» **Required work**:
In your copy of the data, omit the pictures and keep all else exactly as given.

##### Given data

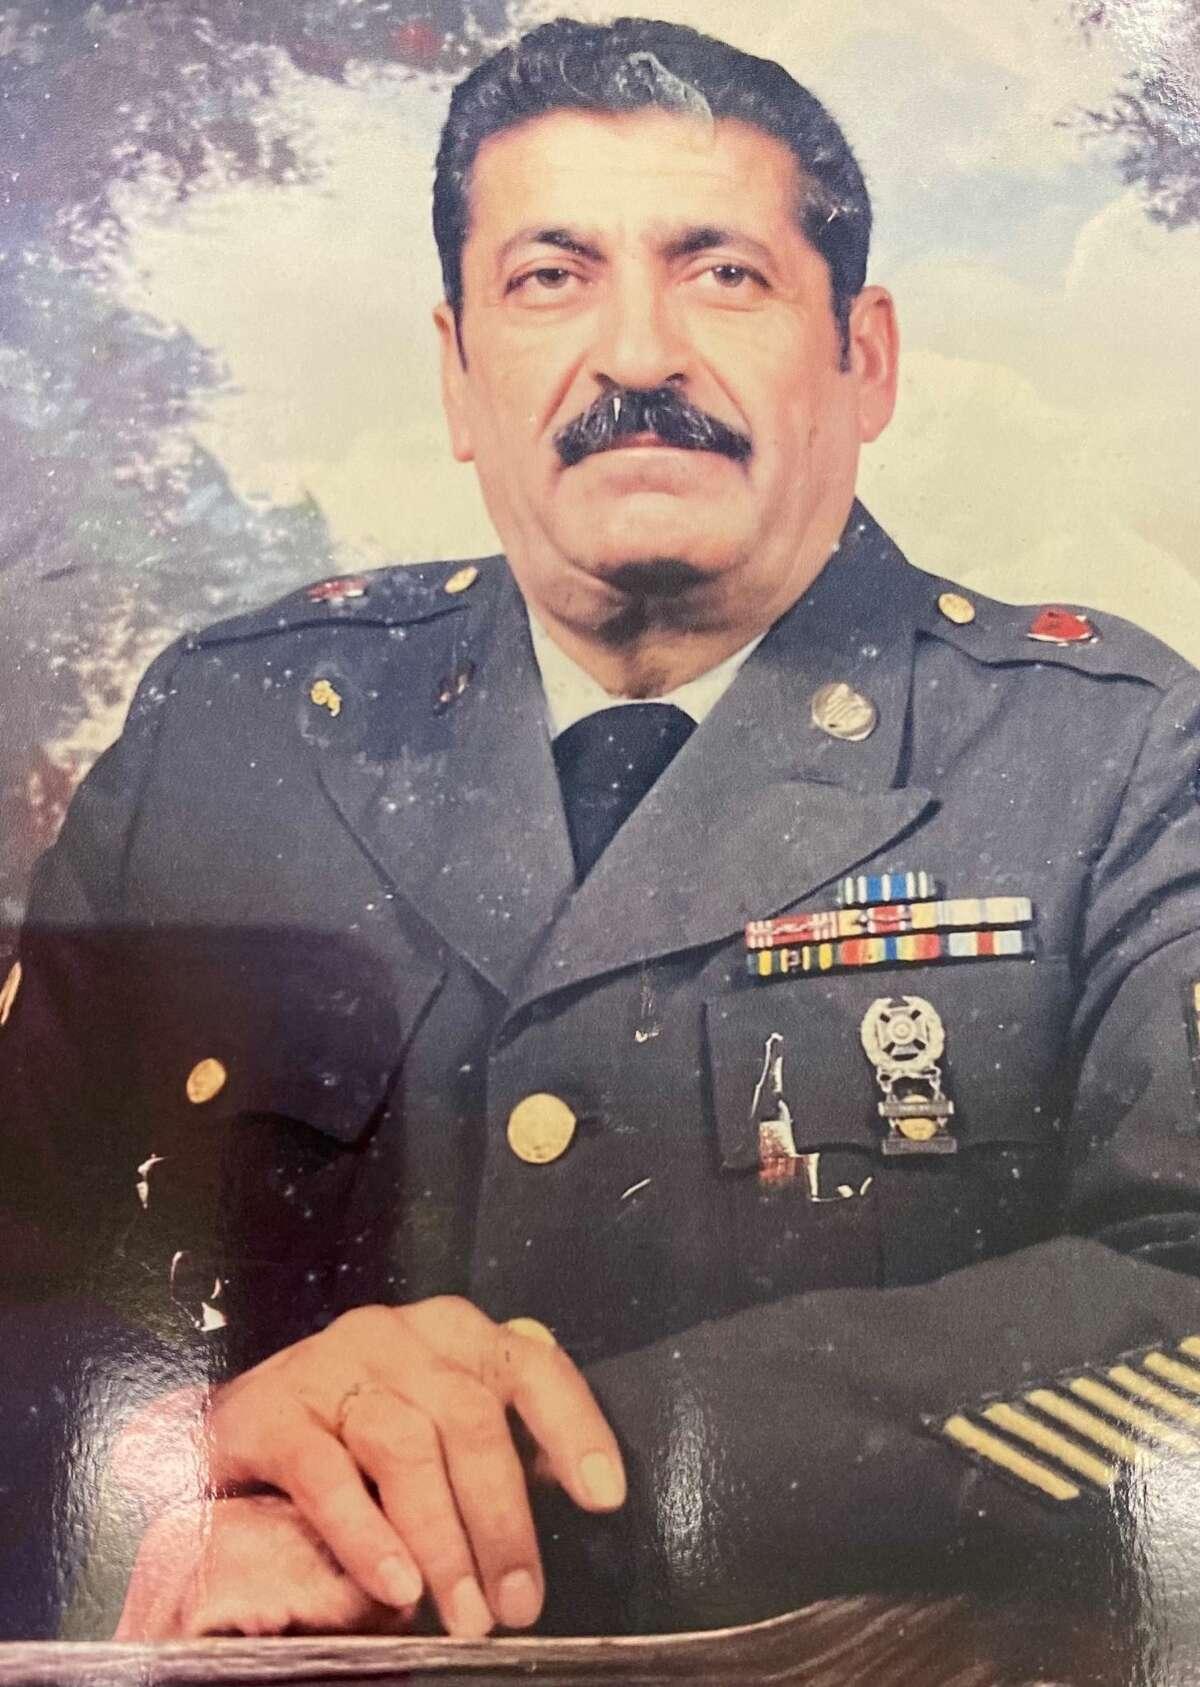 Luis 'Chino' Lopez
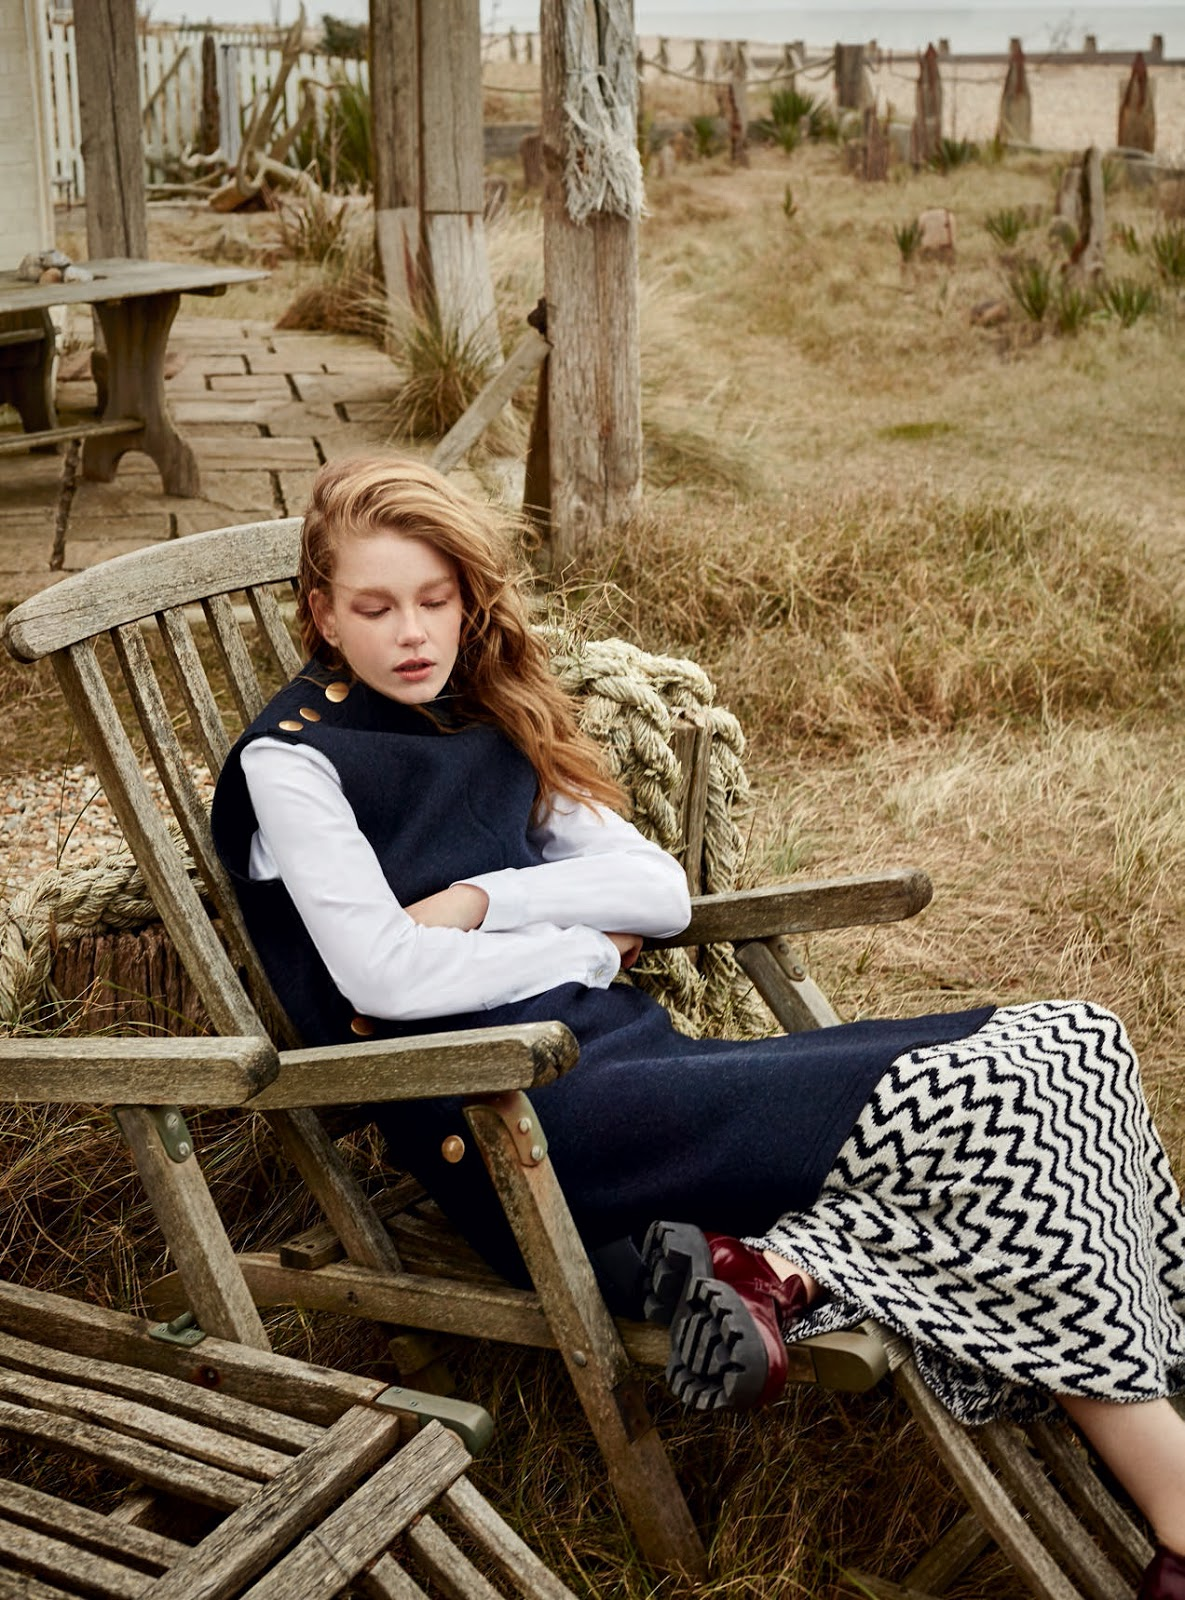 Hollie-May Saker by Agata Pospieszynska for Harper's Bazaar UK July 2016
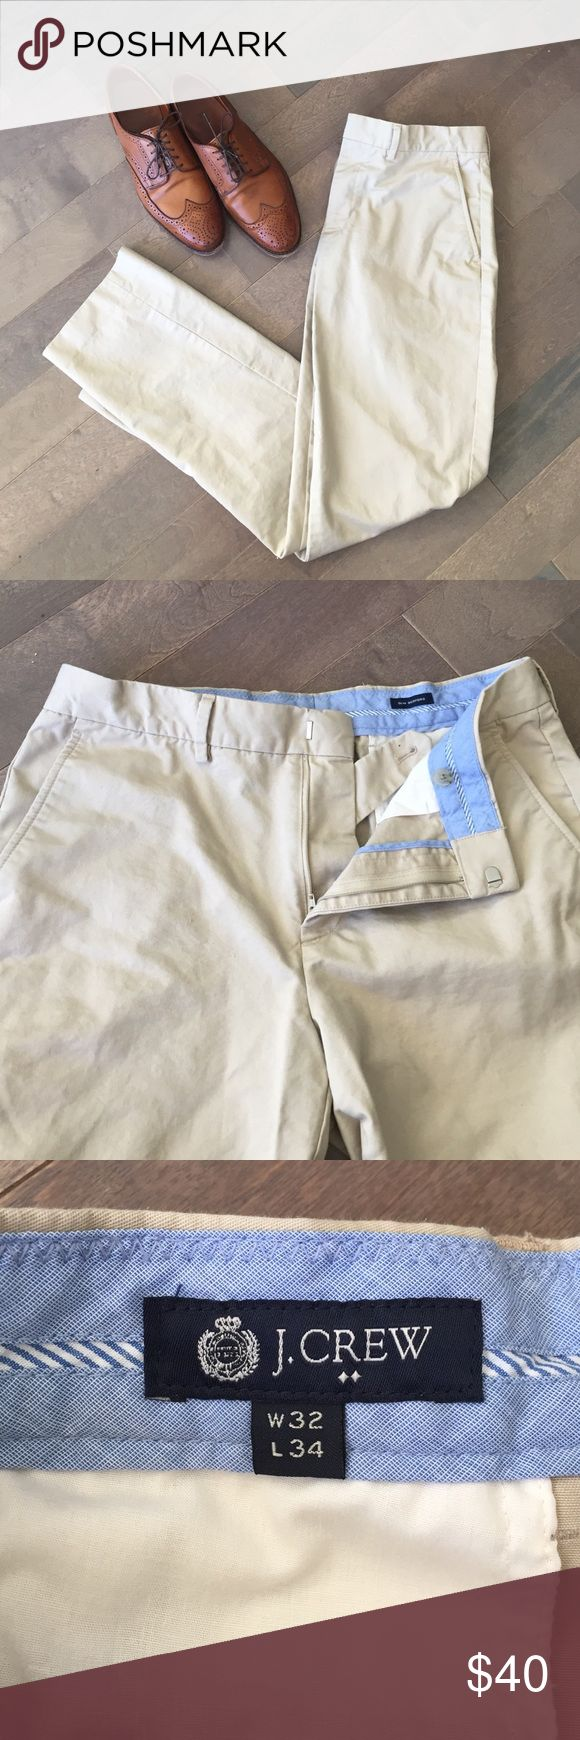 NWOT J. Crew Khaki Pants! NWOT men's khaki pants from J. Crew!  Slim Bedford style. Size: 32w x 34L J. Crew Pants Chinos & Khakis
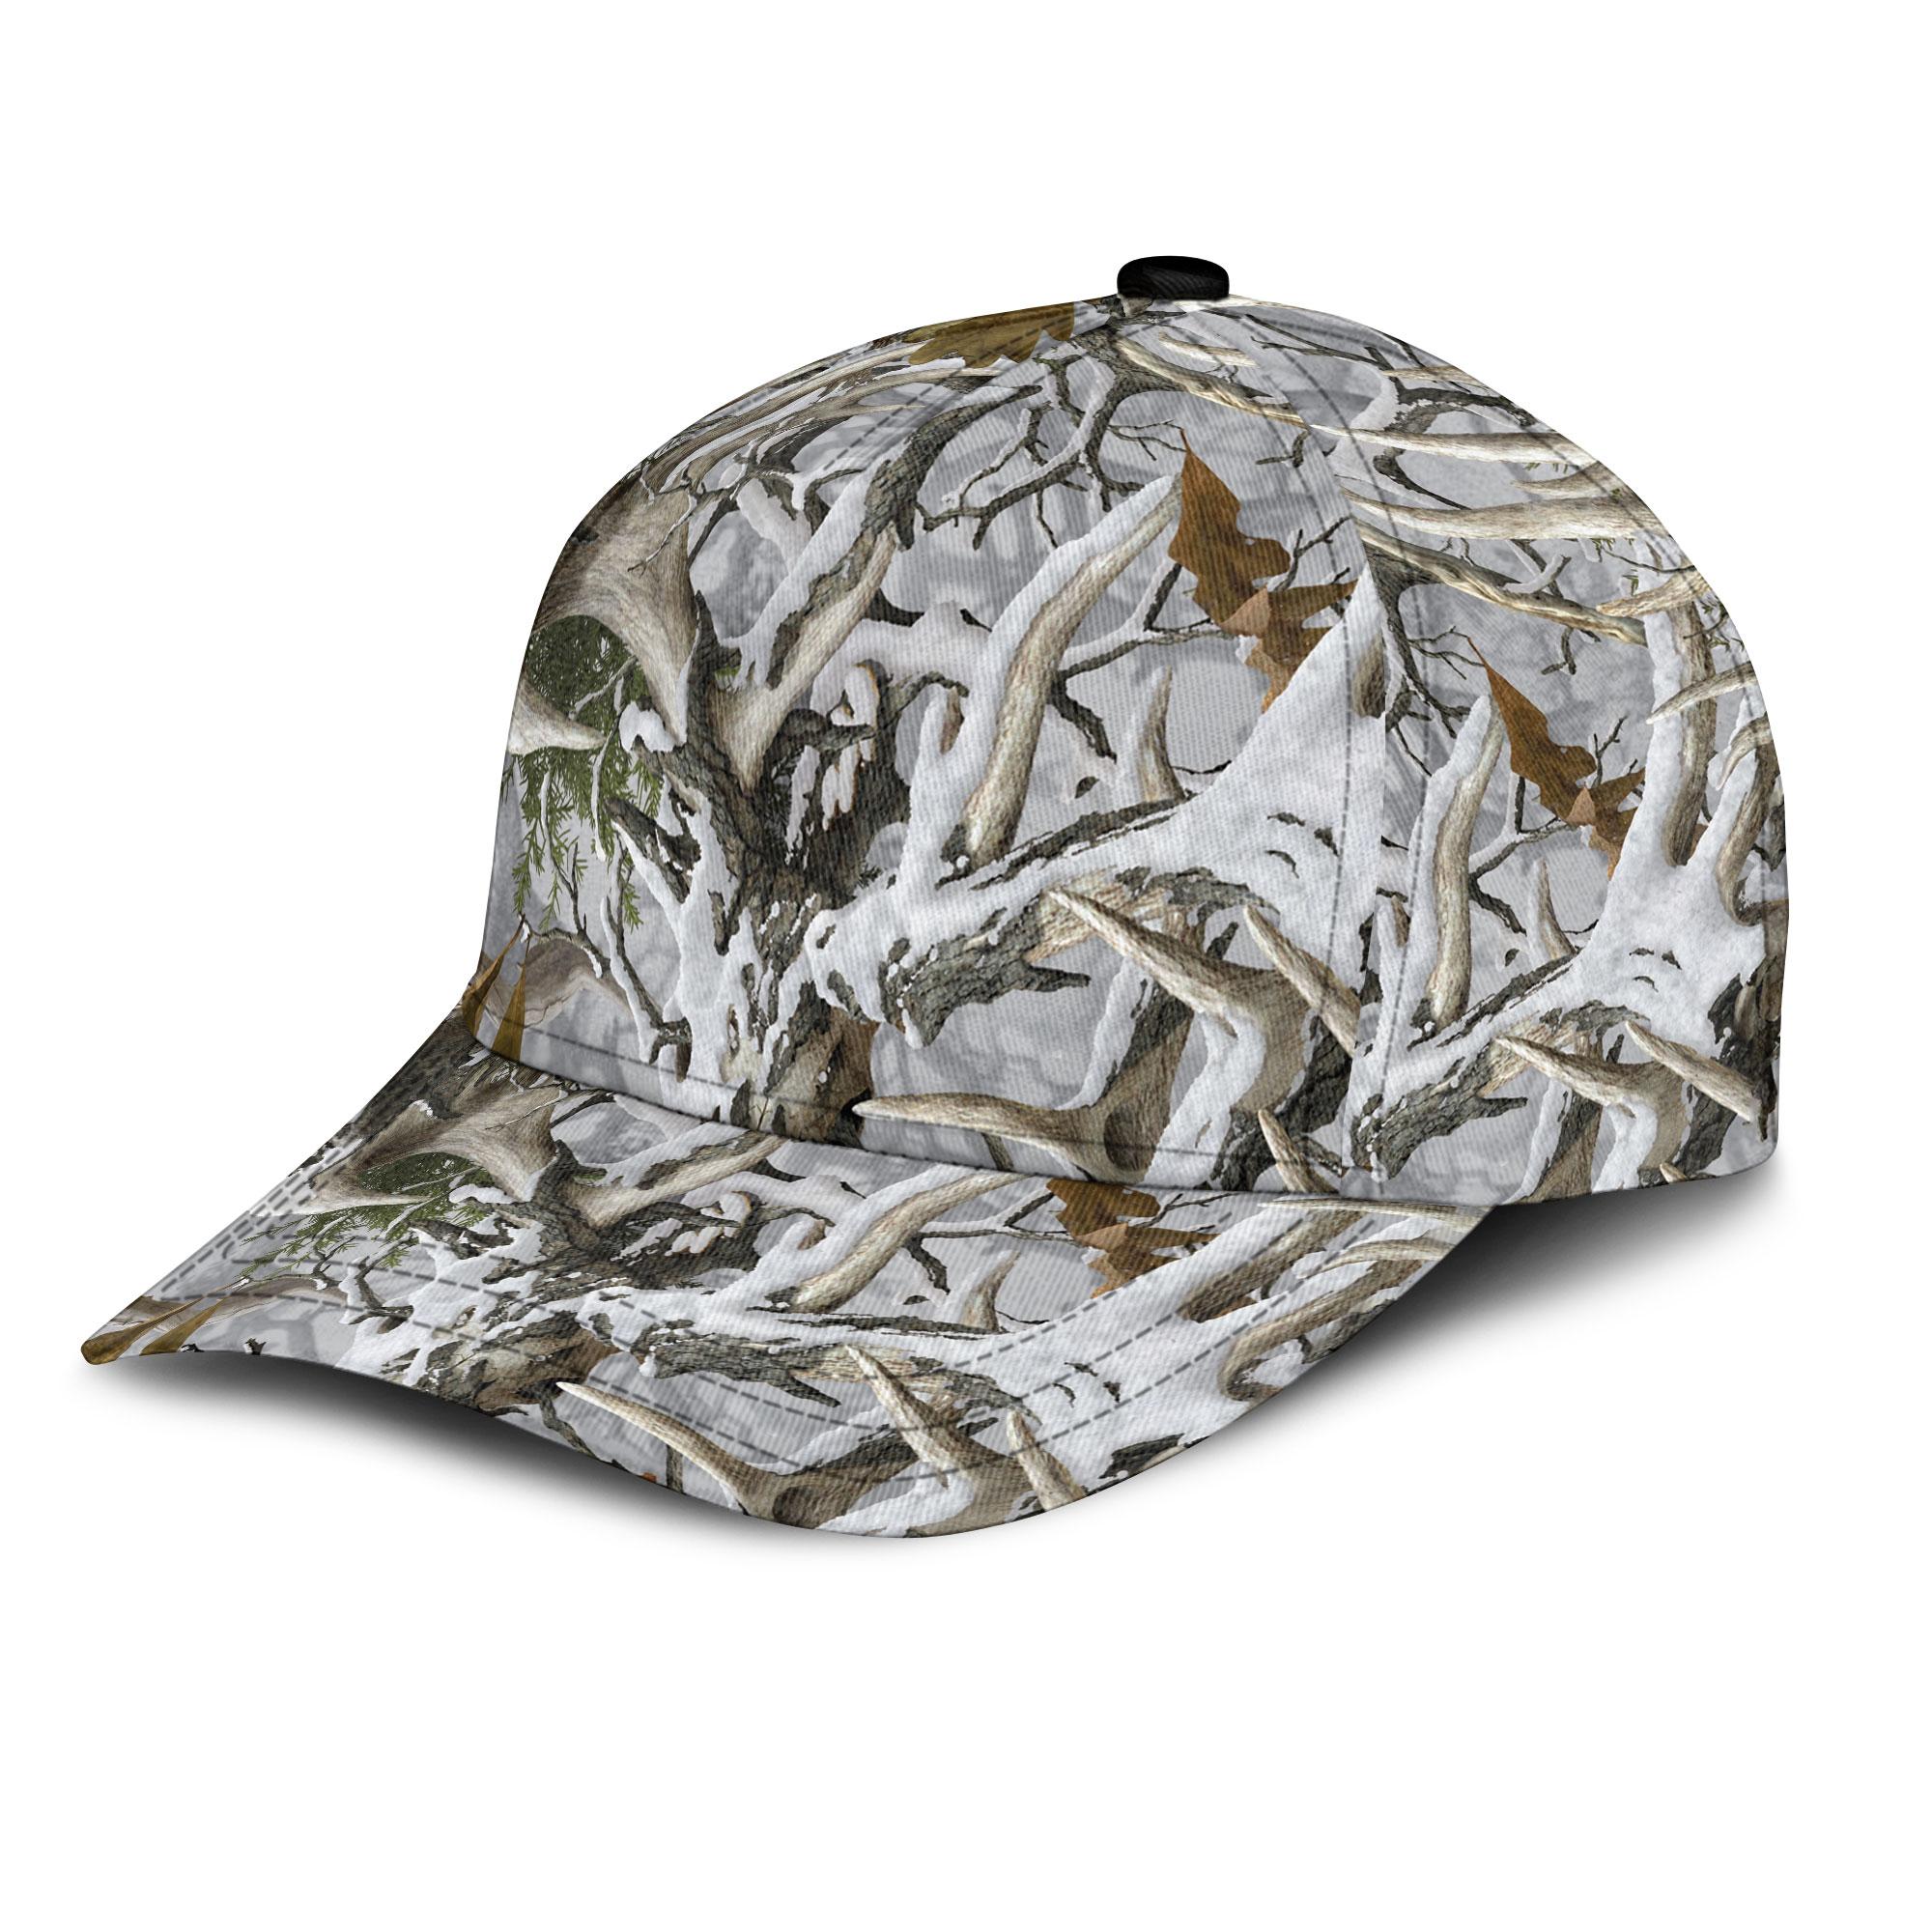 Love Hunting Camouflage Sku 120 Classic Cap

##########

» **Reply**:
 Luis 'Chino' Lopez
 Hollie-May Saker by Agata Pospieszynska for Harper's Bazaar UK July 2016
 NWOT J. Crew Khaki Pants! NWOT men's khaki pants from J. Crew!  Slim Bedford style. Size: 32w x 34L J. Crew Pants Chinos & Khakis
 Love Hunting Camouflage Sku 120 Classic Cap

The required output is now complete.